Description
Given a datafile where
  • Each line is of the form Key = Value.
  • There may be several records with a given key
  • If there are records of the same key, for example, Key = Value1 Key = Value2 Key = Value3,
    we want to combine these records to Key = Value1, Value2, Value3 by listing these values in one line, separating them by commas. These values are listed in the same order as how they appear in that file.
Raw Input Desired Output
key1=a1
key3=c1
key2=b1
key1=a2
key2=b2
key4=d1
key4=d2
key3=c2
key2=b3
key3=c3
key1=a3
key4=d3
key1=a1,a2,a3
key3=c1,c2,c3
key2=b1,b2,b3
key4=d1,d2,d3
Script and Comments
Script1
[ 1] G
[ 2] s/^([^=]+=)([^\n]*)((\n[^\n]*)*\1[^\n]*)/\3,\2/
[ 3] t br0
[ 4] s/^([^\n]*)\n(.*)/\2\n\1/
[ 5] :br0
[ 6] s/^\n//
[ 7] $q
[ 8] x
[ 9] d
Comments -r
  1. This script use HS as a buffer to keep processed records, where two adjacent records are separated by a newline character.

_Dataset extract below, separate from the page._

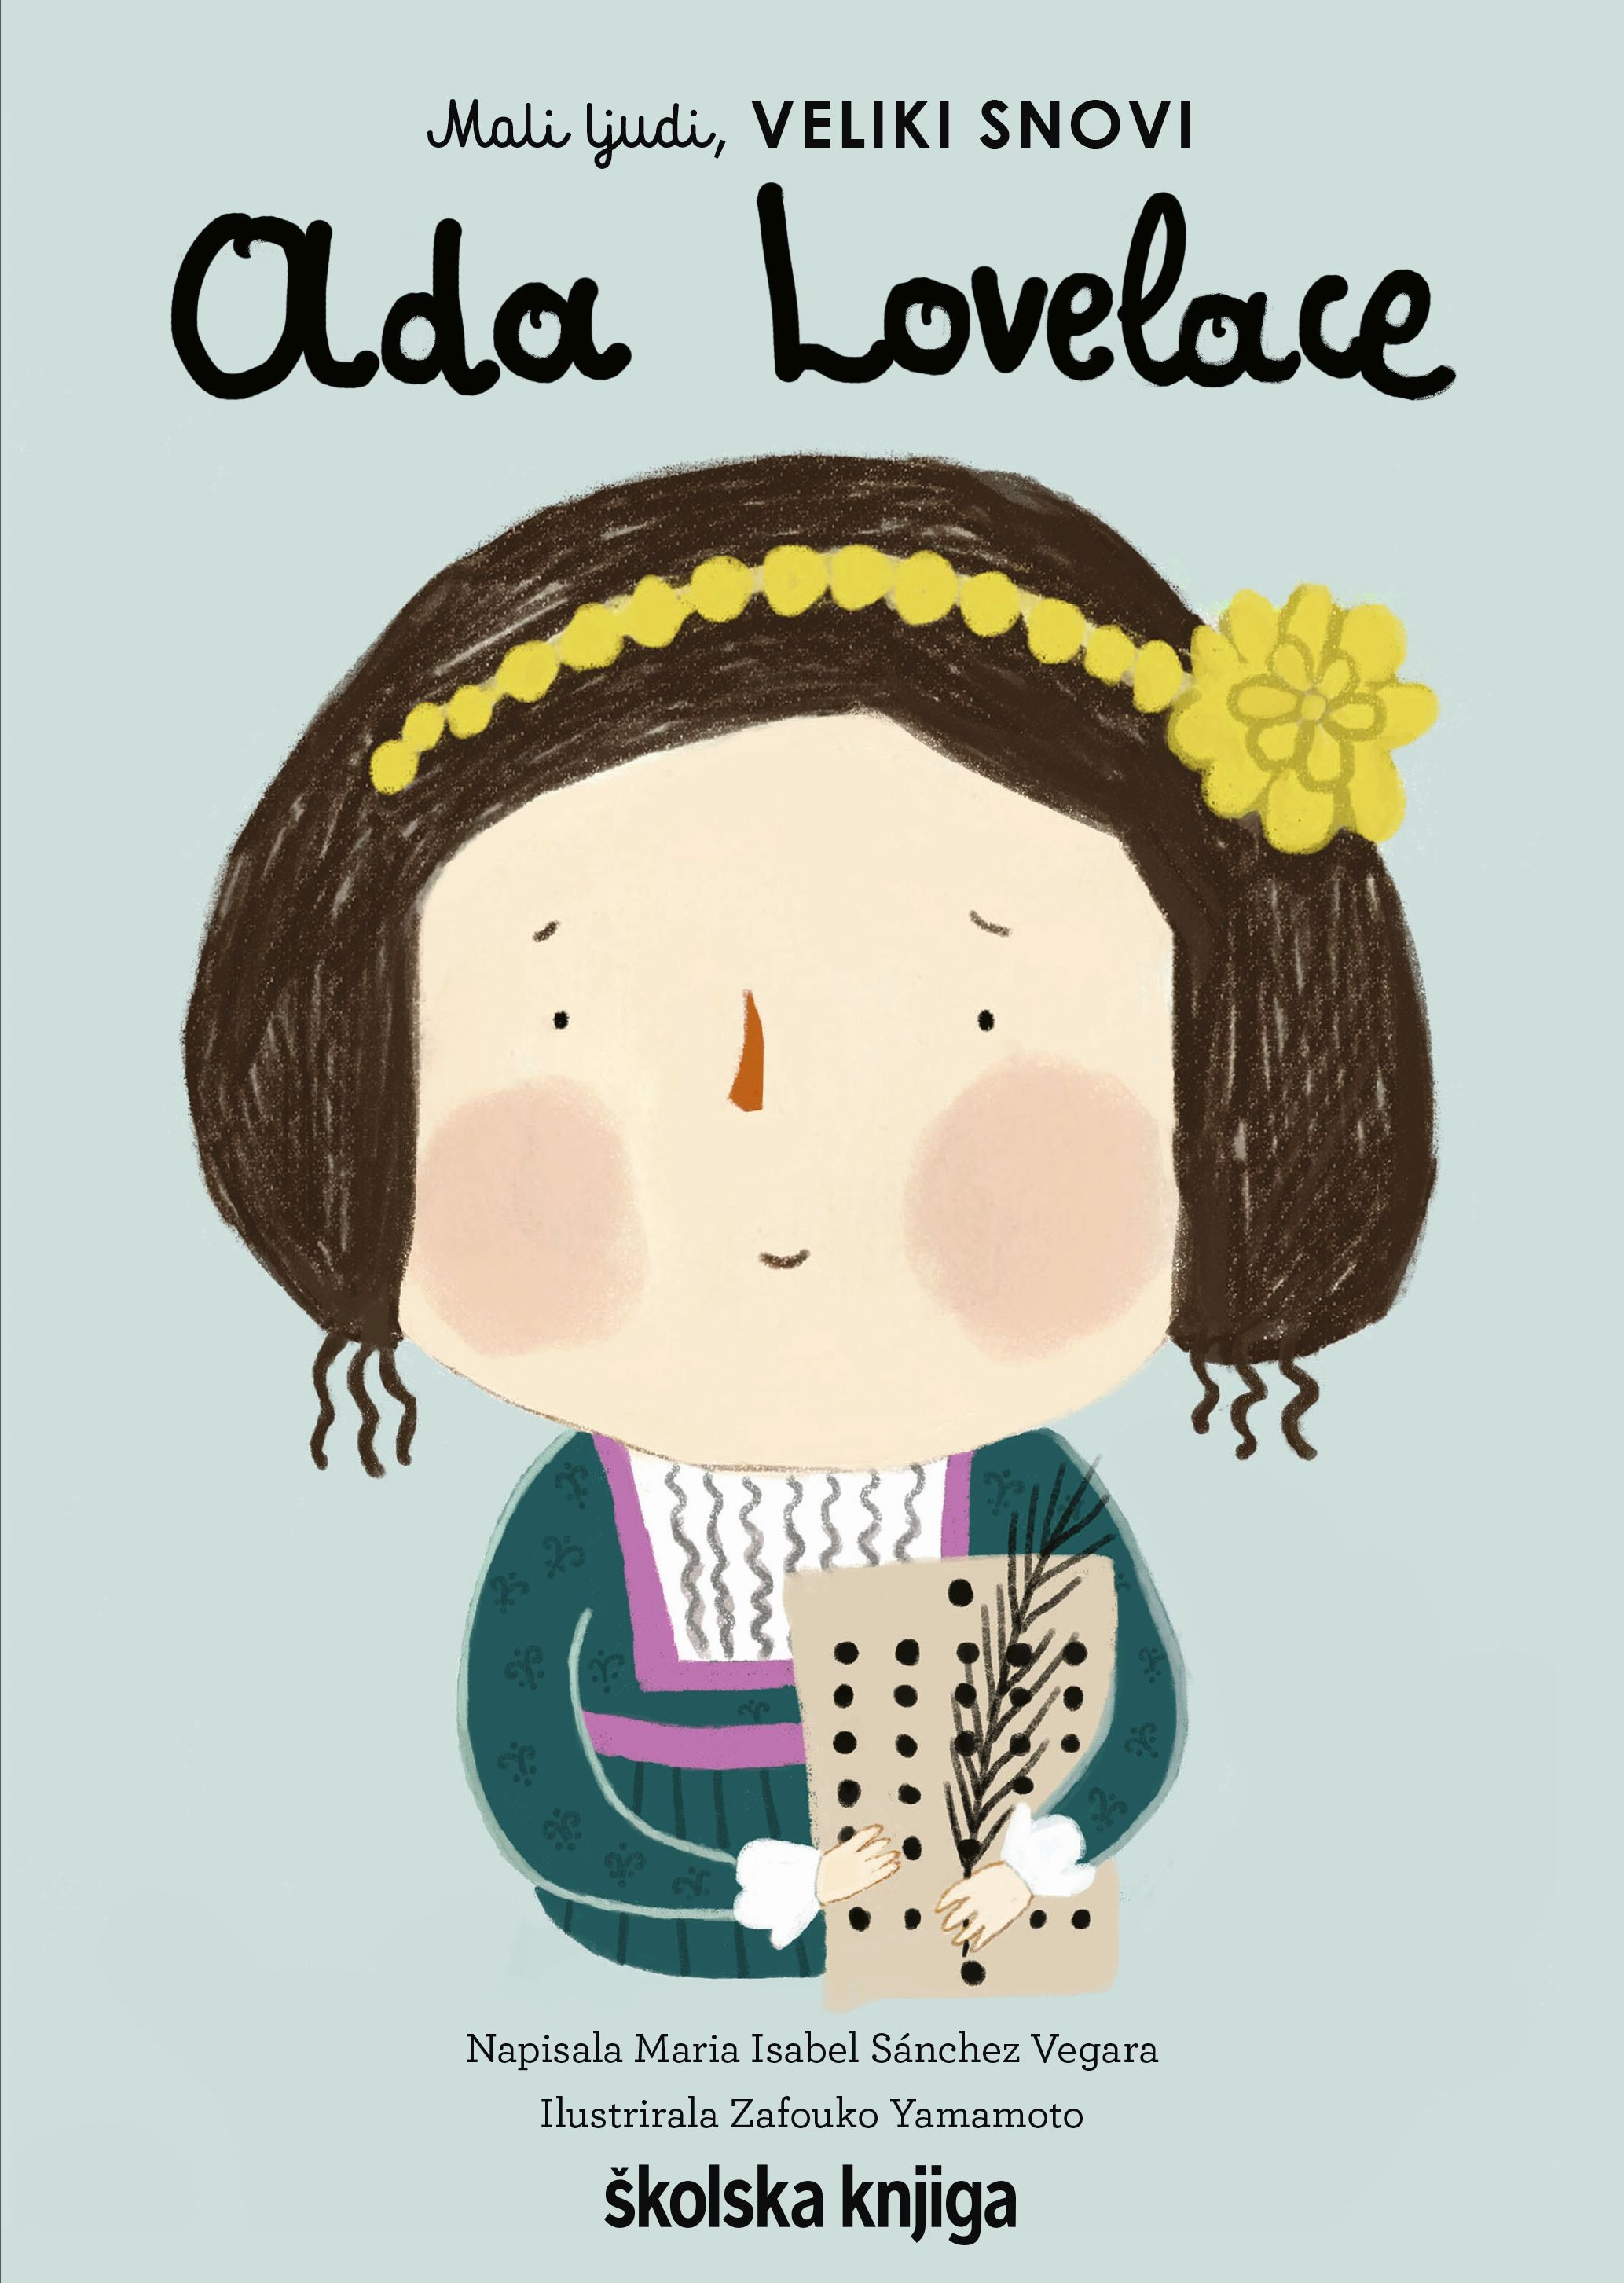 Ada Lovelace - iz serije Mali ljudi, VELIKI SNOVI

  2. After a line has been read to PS, different actions will be performed depending on whether it is the first record of that key or not:
    • if it is the first record, append it to the end of the buffer.
    • otherwise, append the value of this record to the one with the same key in the buffer.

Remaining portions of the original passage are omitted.